As I heard a description of this culinary adventure from Grandma J herself, my mind drifted back to early spring of my sixth-grade year at Concord School. Our teacher, Bessie Reeves, placed a cardboard box in the back of our classroom for the purpose of collecting eggshells. She gave no reason that I can remember for this assignment, but over several weeks we filled the carton with brown shells and white shells from just plain eggs: any organic eggs involved came from the free-range chickens pacing the areas around coops on our various farms.

And then in mid-May it was time to attend to our collection of shells: under Mrs. Reeves’ direction, we crushed and crunched them into tiny shards and added – wonder of wonders – a couple of containers of glitter. I must explain and/or remind readers that glitter for glitter’s sake was a relativity rare commodity in 1960 – well before today’s glitter pens, glitter glue, and glitter face makeup.

We then “painted” with glue small glass jars and bottles we had brought from home before rolling them in our glittery eggshell mixture. The last step was to place on a shelf for drying what now we realized were vases to present to our moms on Mother’s Day.

My bottle-turned-vase, with its very narrow neck, had room for perhaps one pansy or a couple of violets plucked from our yard. Still, my mother loved my creation; and I was quite proud of my handiwork.

After all these years, however, the lasting memory of that art project – back in the days when classroom teachers served as their own art instructors – was the sense of cooperation and camaraderie I felt as we classmates worked together for a common purpose, a feeling I remember to this day.

Good teachers have the unique ability to seamlessly knit together curriculum requirements in ways that make classroom and out-of-classroom assignments special, sometimes magical, often memorable.

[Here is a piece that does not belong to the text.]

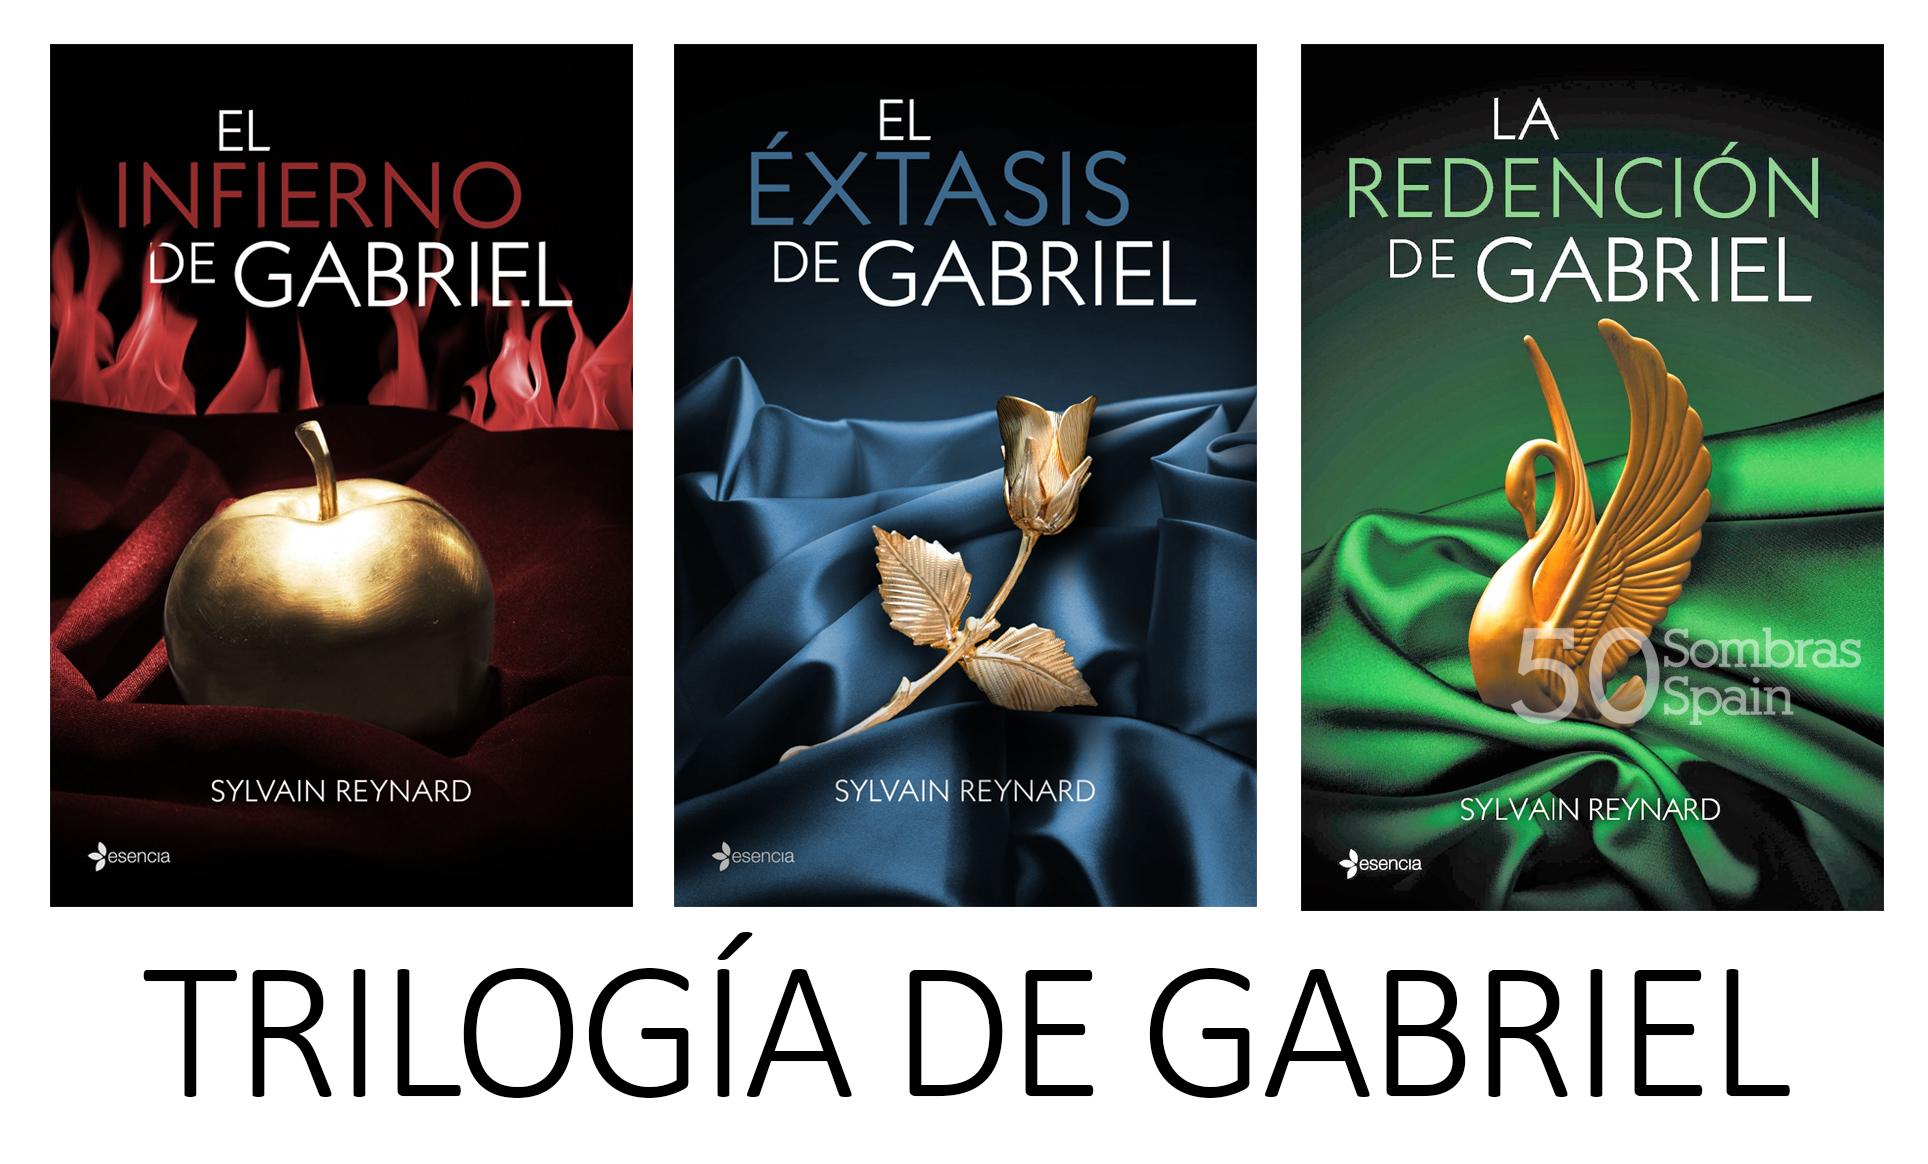 Trilogia Gabriel 50 Sombras

Such lessons are an important aspect of every young person’s education.

It is my hope that 60 some years from now, at least a few of Grandma J’s fledgling bakers will recall their six stirs in the preparation of their cake of many colors with the same sweet nostalgia I hold for my eggshell vase. I also hope that later in this century, along about 2075 or so, many of those teenaged travelers will remember the week they saw the monument depicting Marines raising the American flag at Iwo Jima or the names of fellow citizens they traced on the Vietnam Wall, military folks who sacrificed their lives for their country in a faraway place. Very special lessons, indeed…

By Shirley Scott

Shirley Scott, a 1966 graduate of Graham High School, is a native of Champaign County. After receiving degrees in English and German from Otterbein College, she returned to GHS in 1970 where she taught until retiring in 2010. From 1976-2001 she coordinated the German Exchange Program with the Otto-Hahn-Gymnasium in Springe.